Give an unaltered copy of the listing below, minus its pictures.

* [Data below]
----------

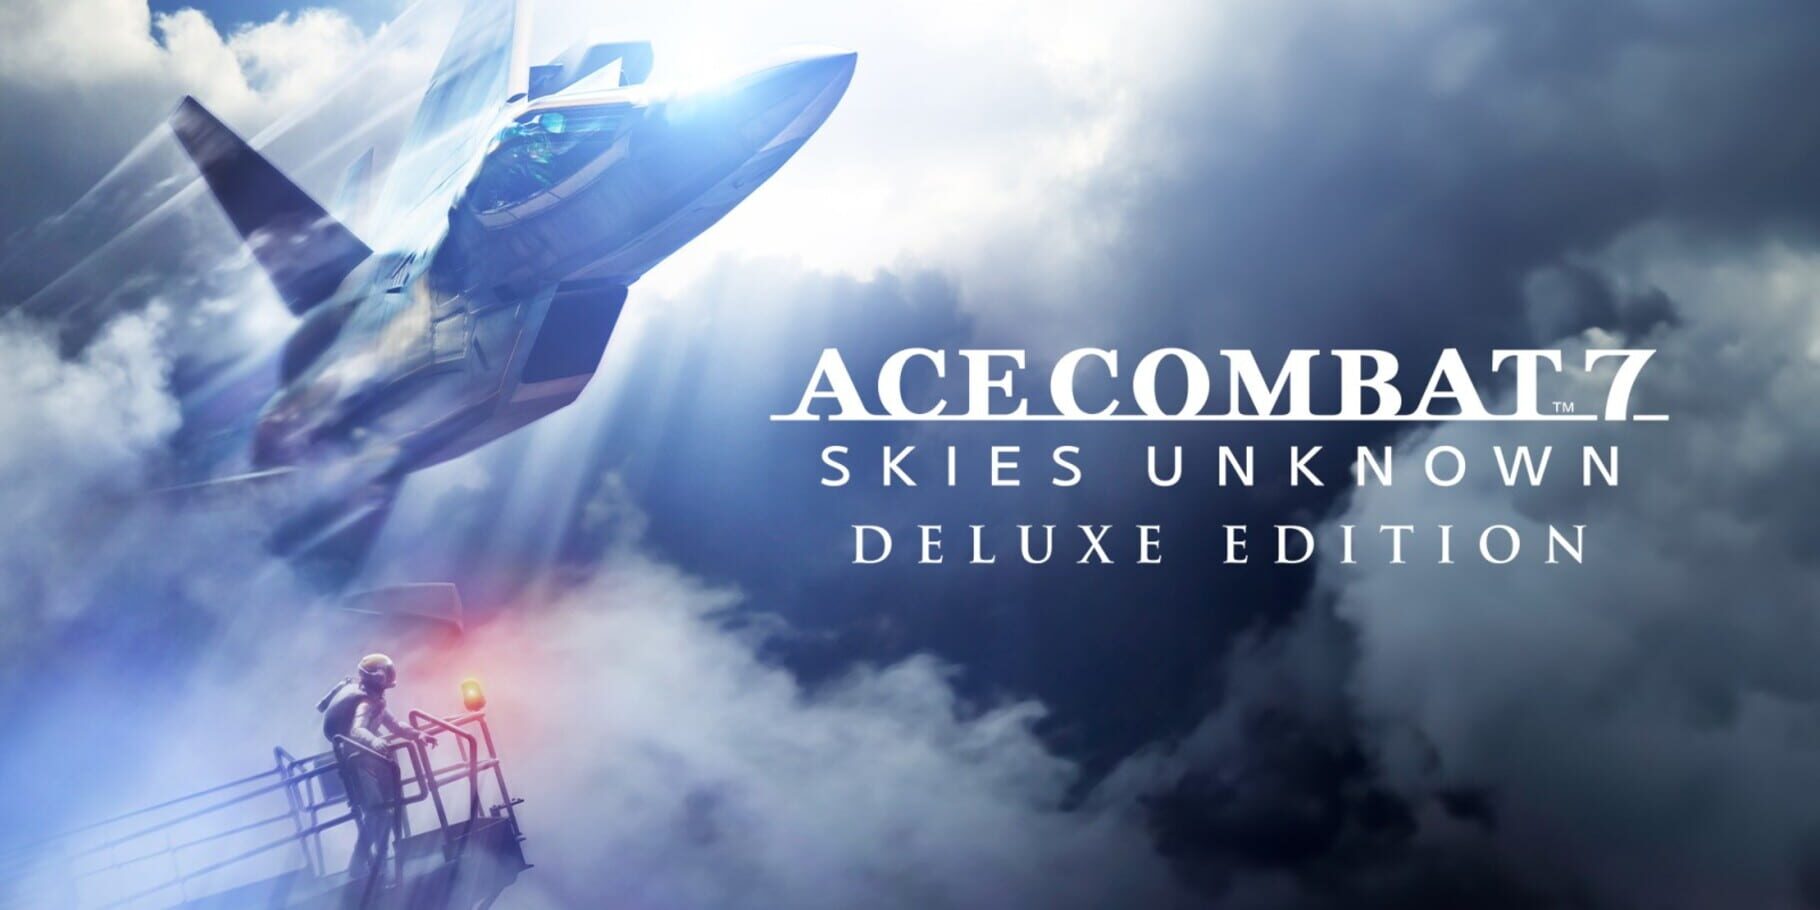 Ace Combat 7: Skies Unknown Deluxe Edition artwork
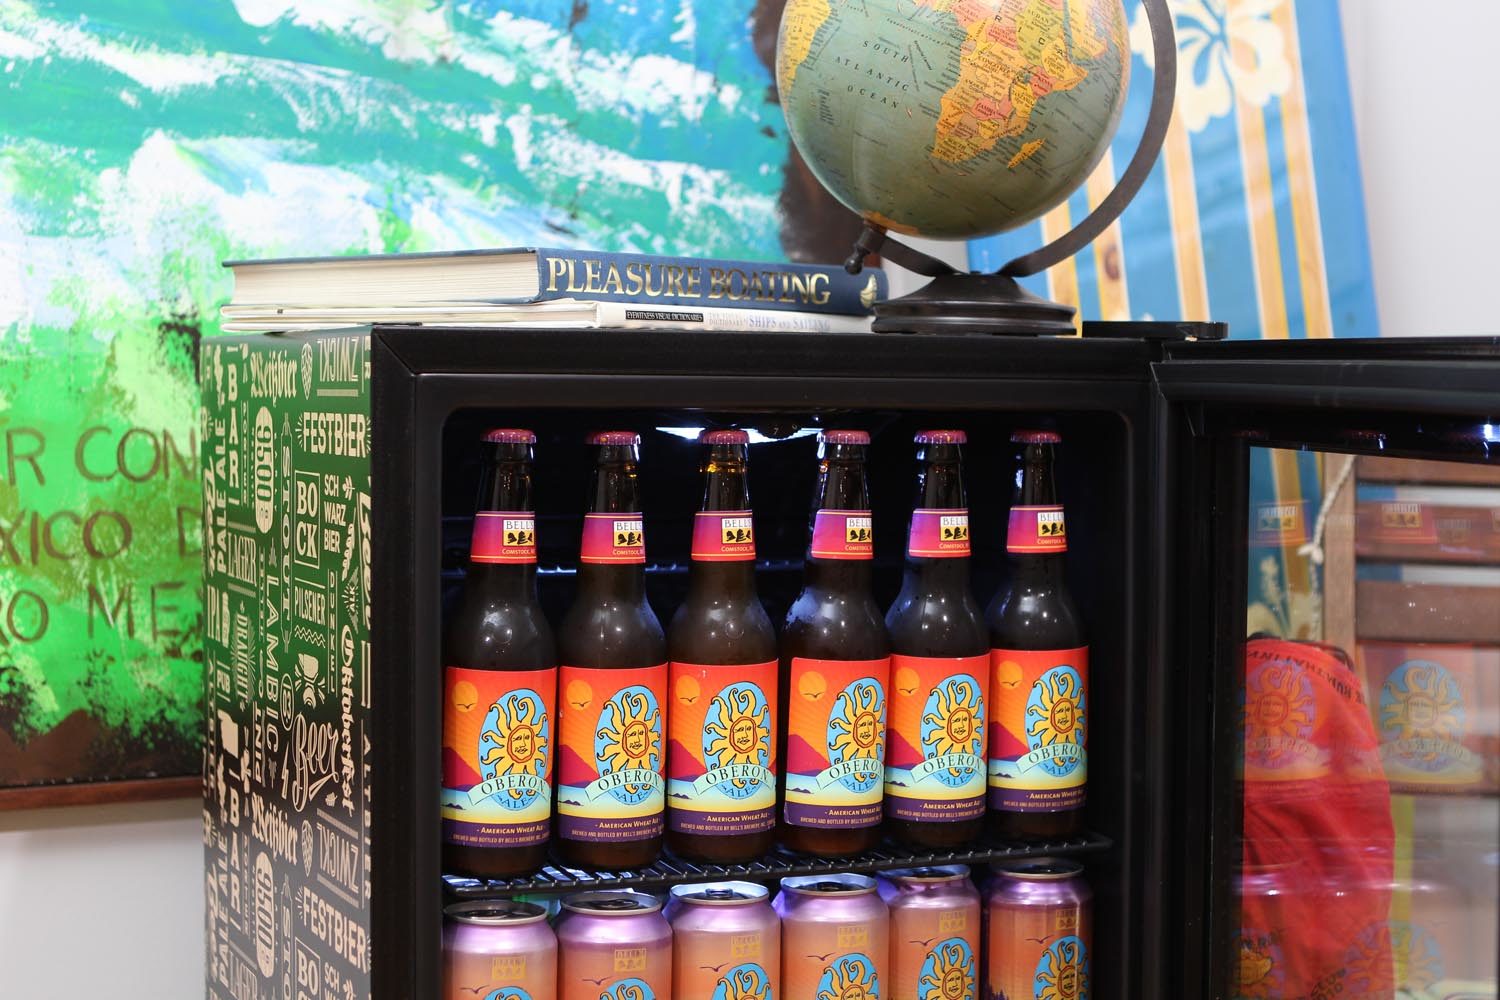 NewAir Beers of the World fridge stocked with Bells Oberon.
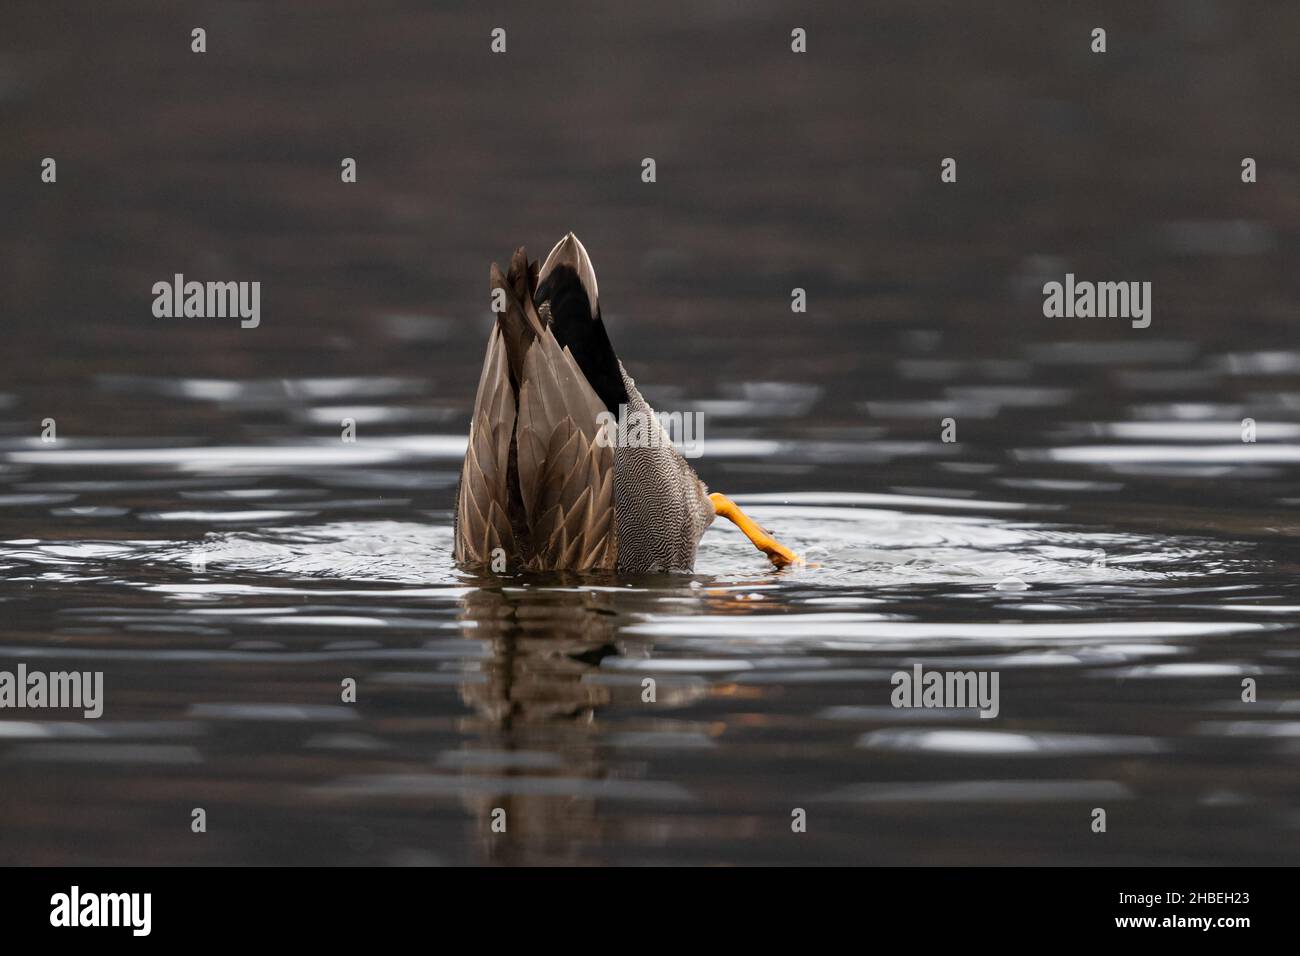 An adult male Gadwall (Mareca strepera) dabbling in shallow waters Stock Photo
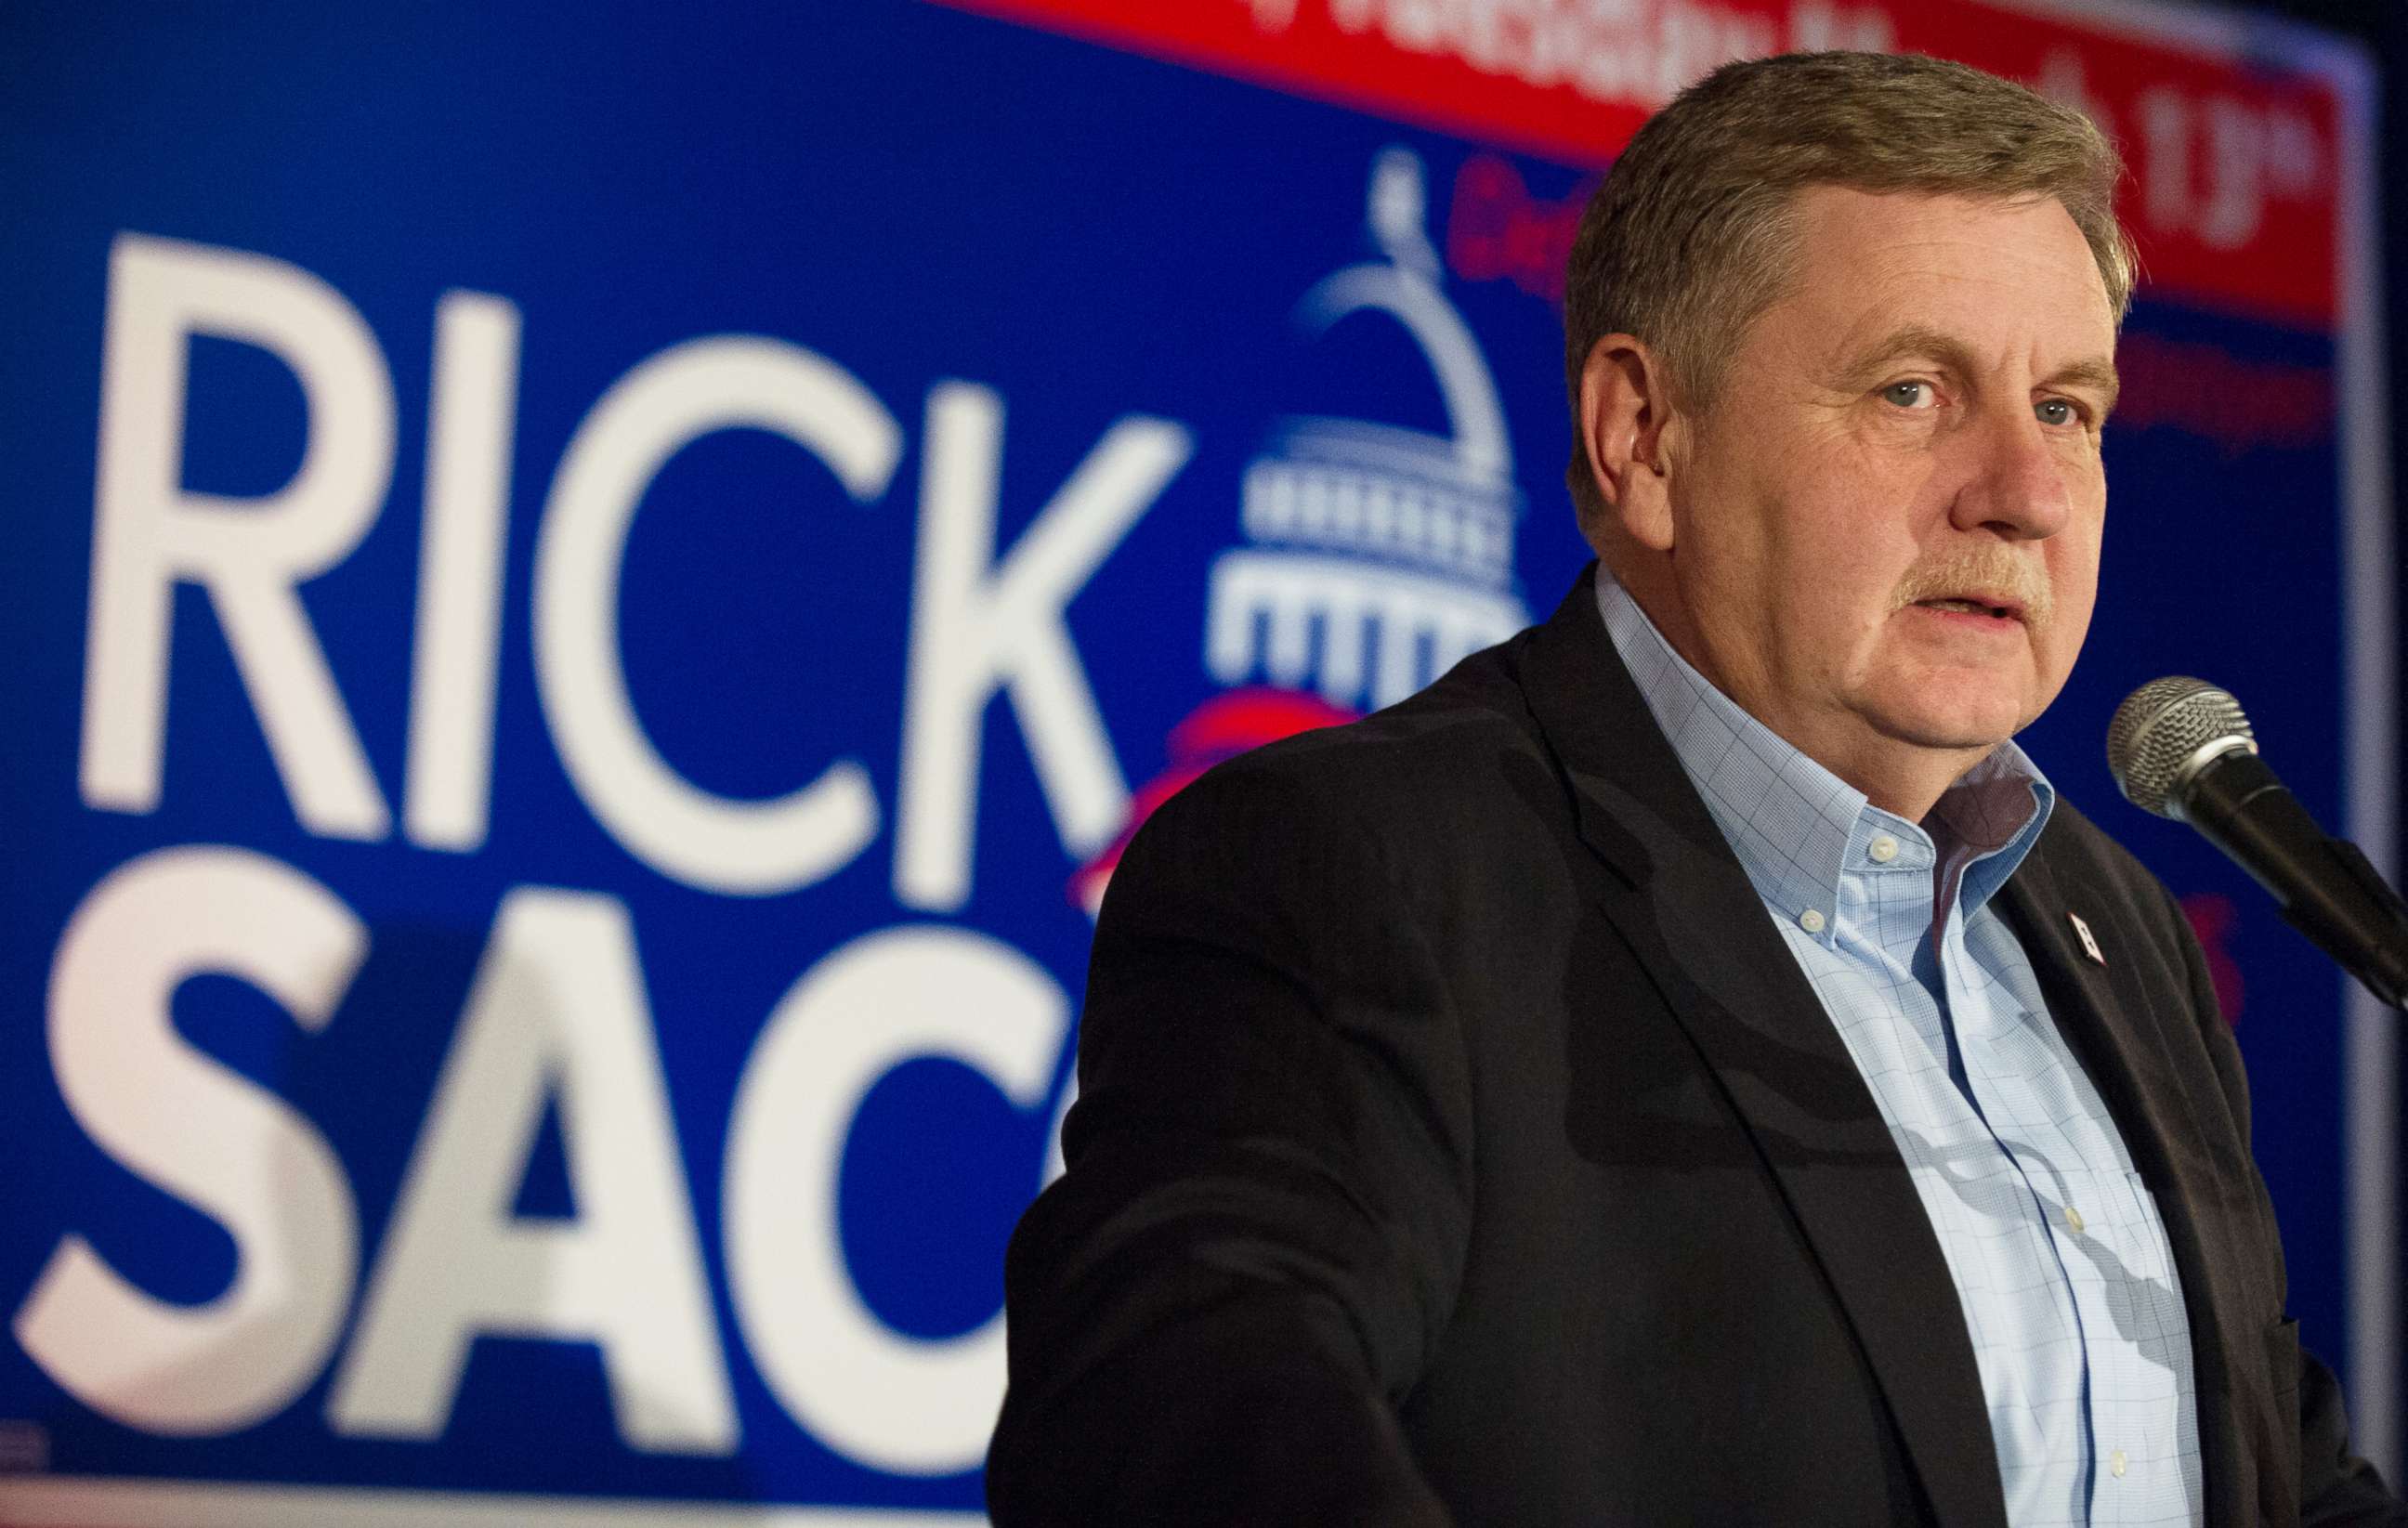 PHOTO: Rick Saccone speaks to supporters on March 13, 2018 at the Youghiogheny Country Club in Elizabeth Township, Pa.

----------

* [Solution to the problem]
 Ace Combat 7: Skies Unknown Deluxe Edition artwork
 NewAir Beers of the World fridge stocked with Bells Oberon.
 An adult male Gadwall (Mareca strepera) dabbling in shallow waters Stock Photo
 PHOTO: Rick Saccone speaks to supporters on March 13, 2018 at the Youghiogheny Country Club in Elizabeth Township, Pa.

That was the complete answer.